:: STORED DATA ::
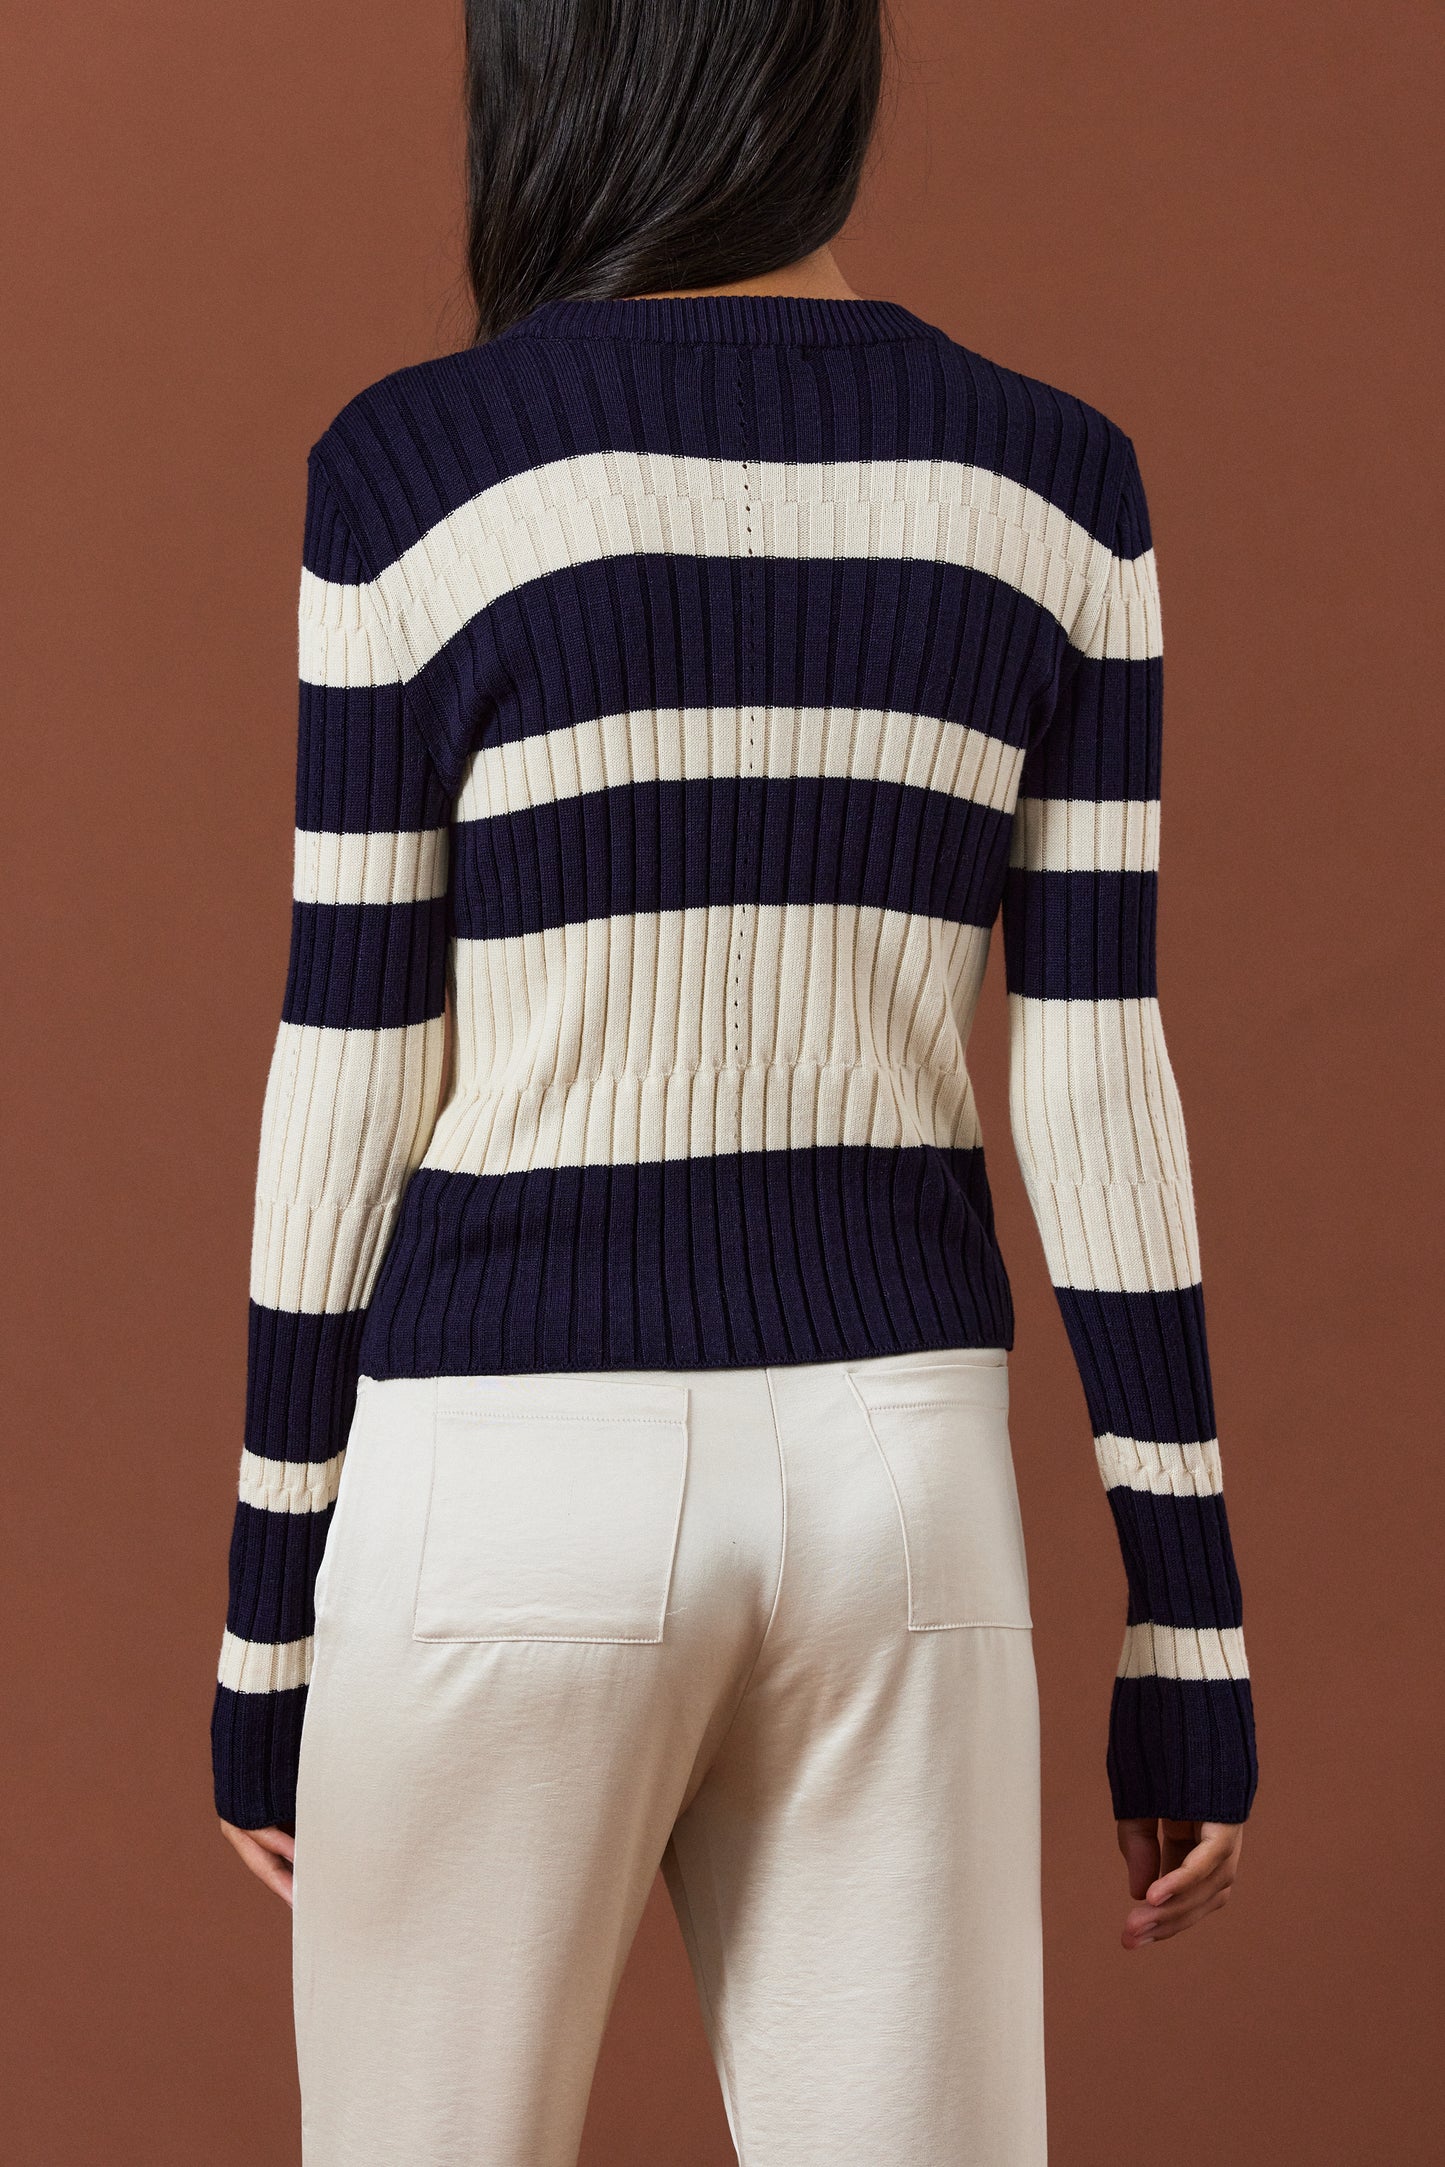 Curved Stripe Knit, Ivory & Navy
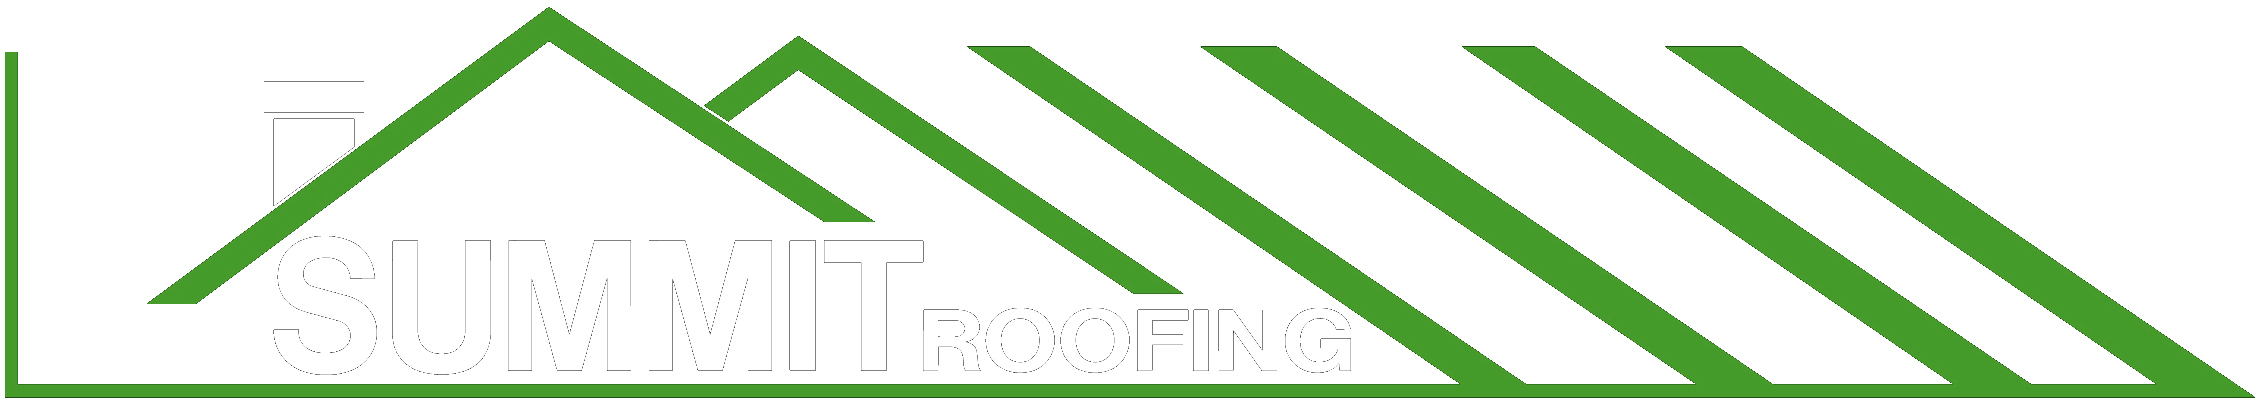 Summit Roofing, Round Rock, TX 78681
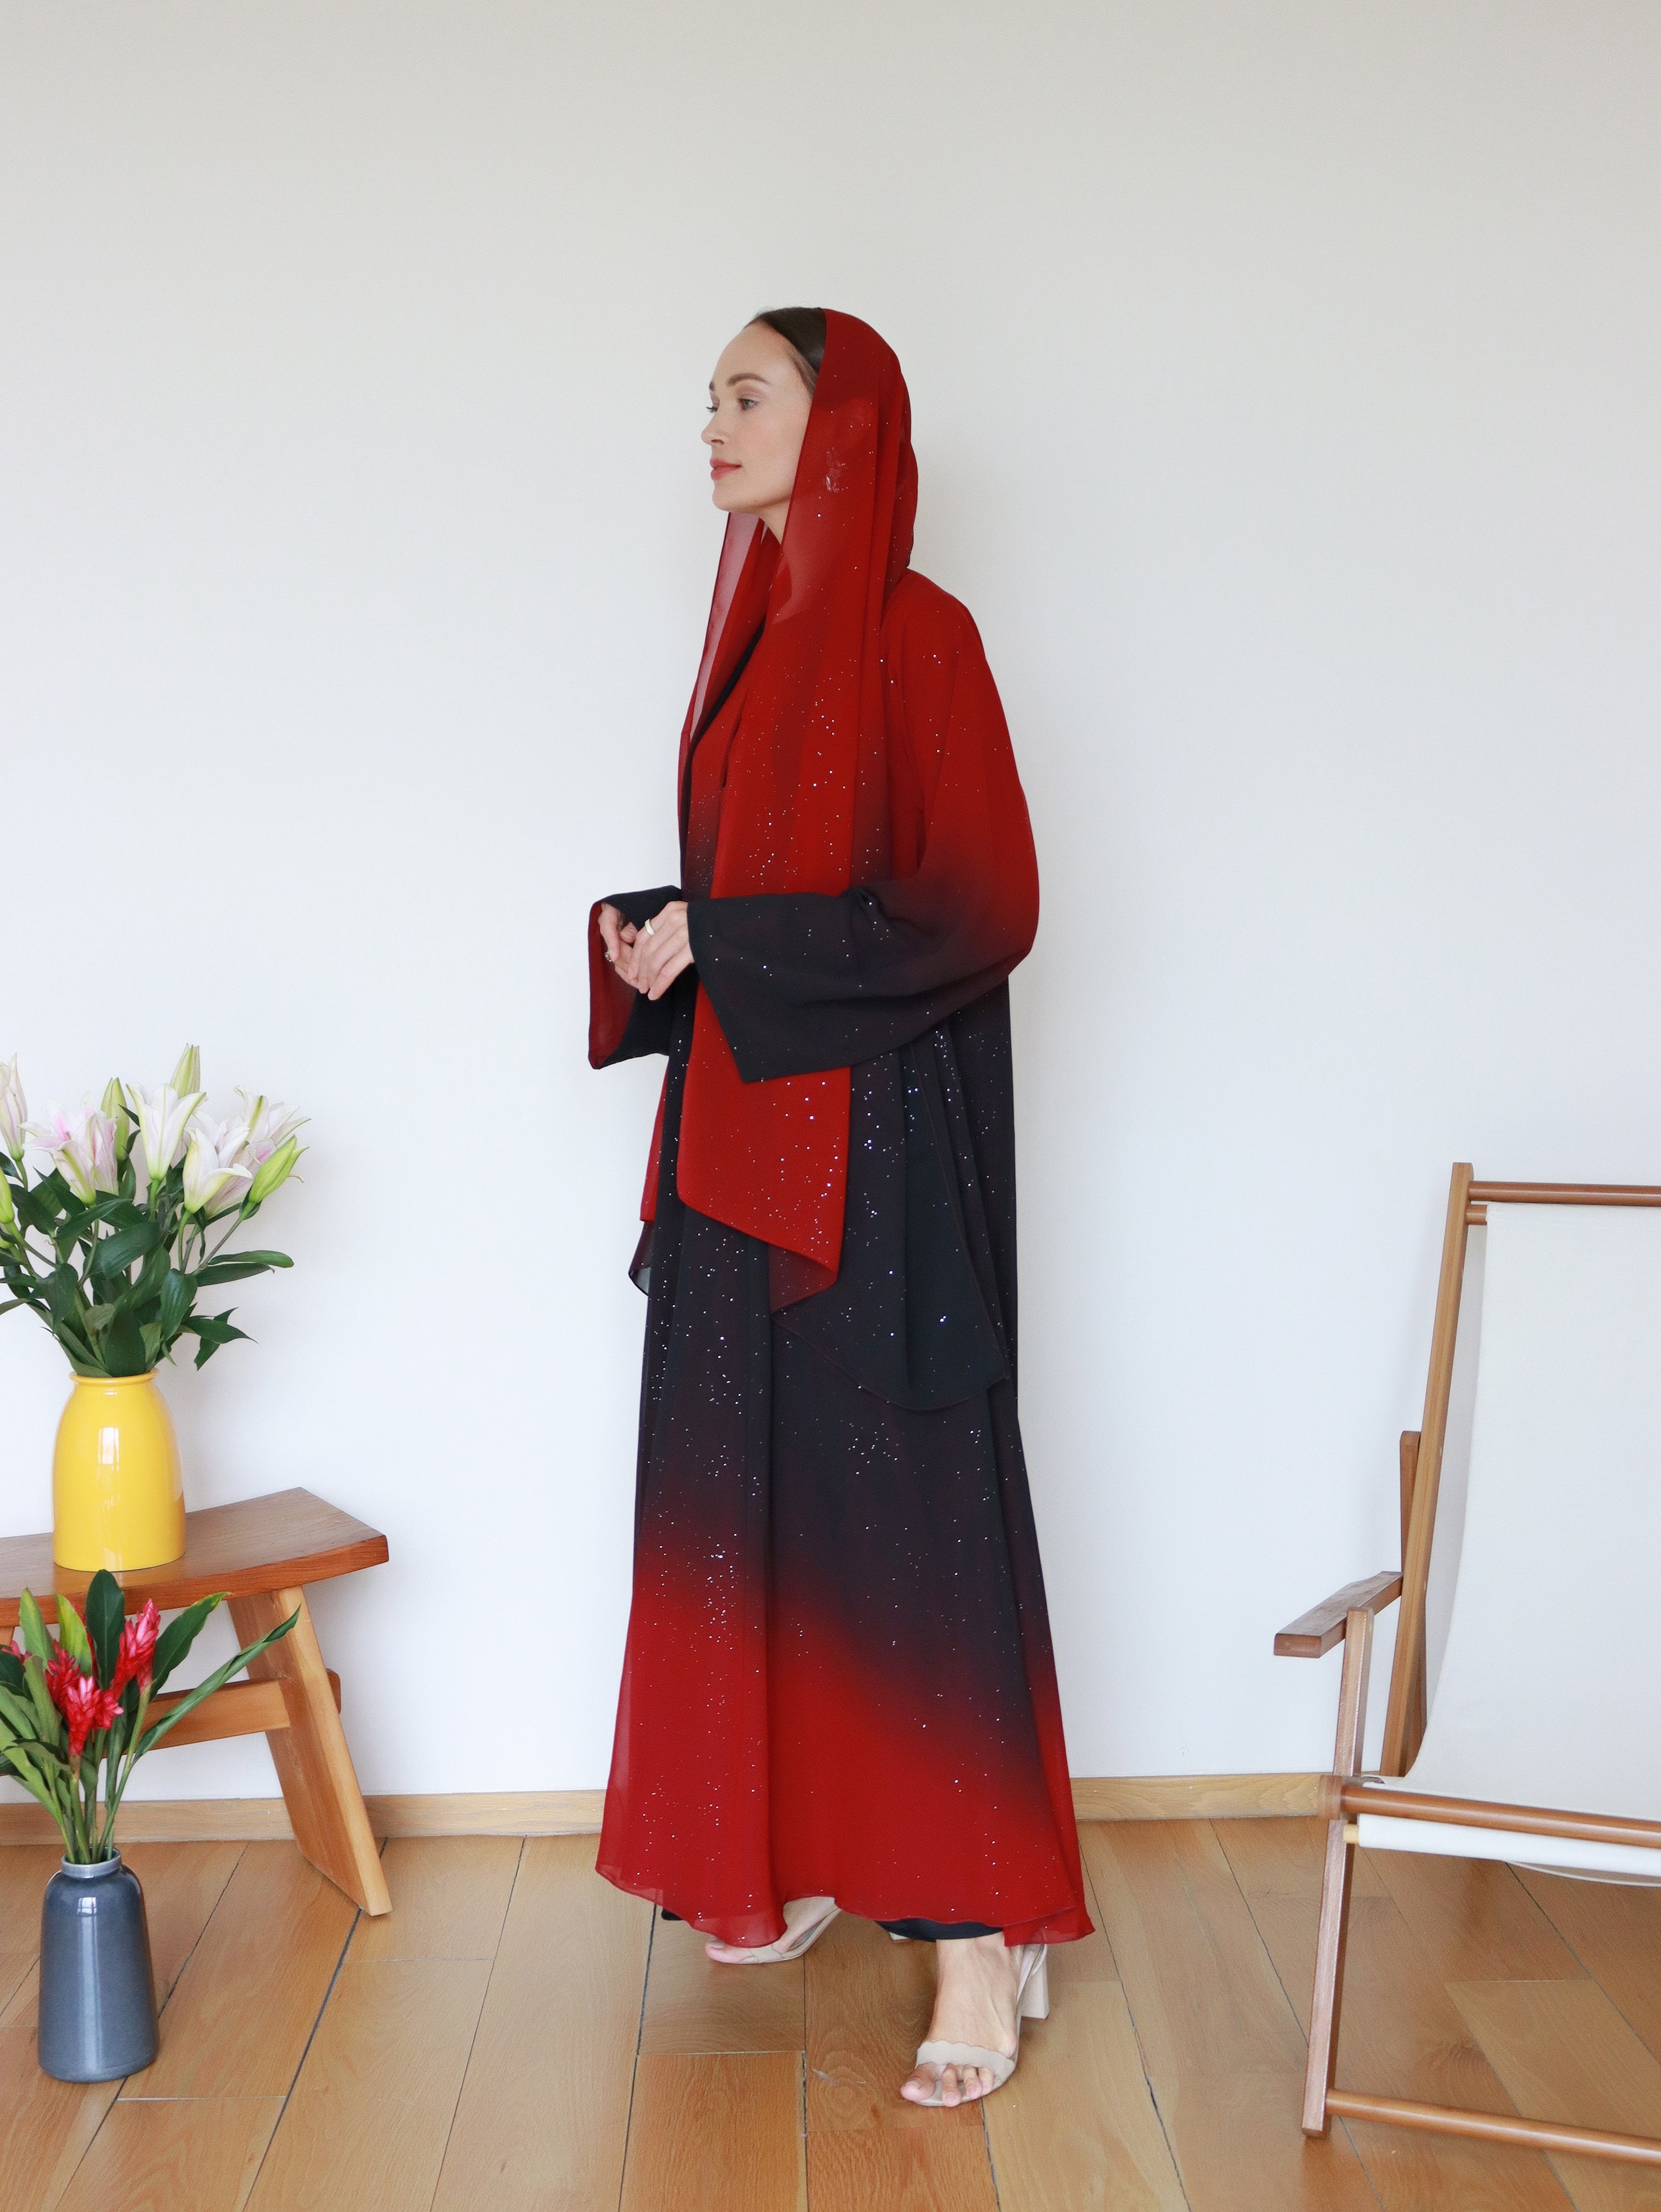 Najma Ombre Abaya in Red & Black
:::
### AIM OF THE TASK
Repeat the listing exactly, minus its pictures.

### SOLUTION TO THIS EXERCISE
 Curved Stripe Knit, Ivory & Navy
 Summit Roofing, Round Rock, TX 78681
 Najma Ombre Abaya in Red & Black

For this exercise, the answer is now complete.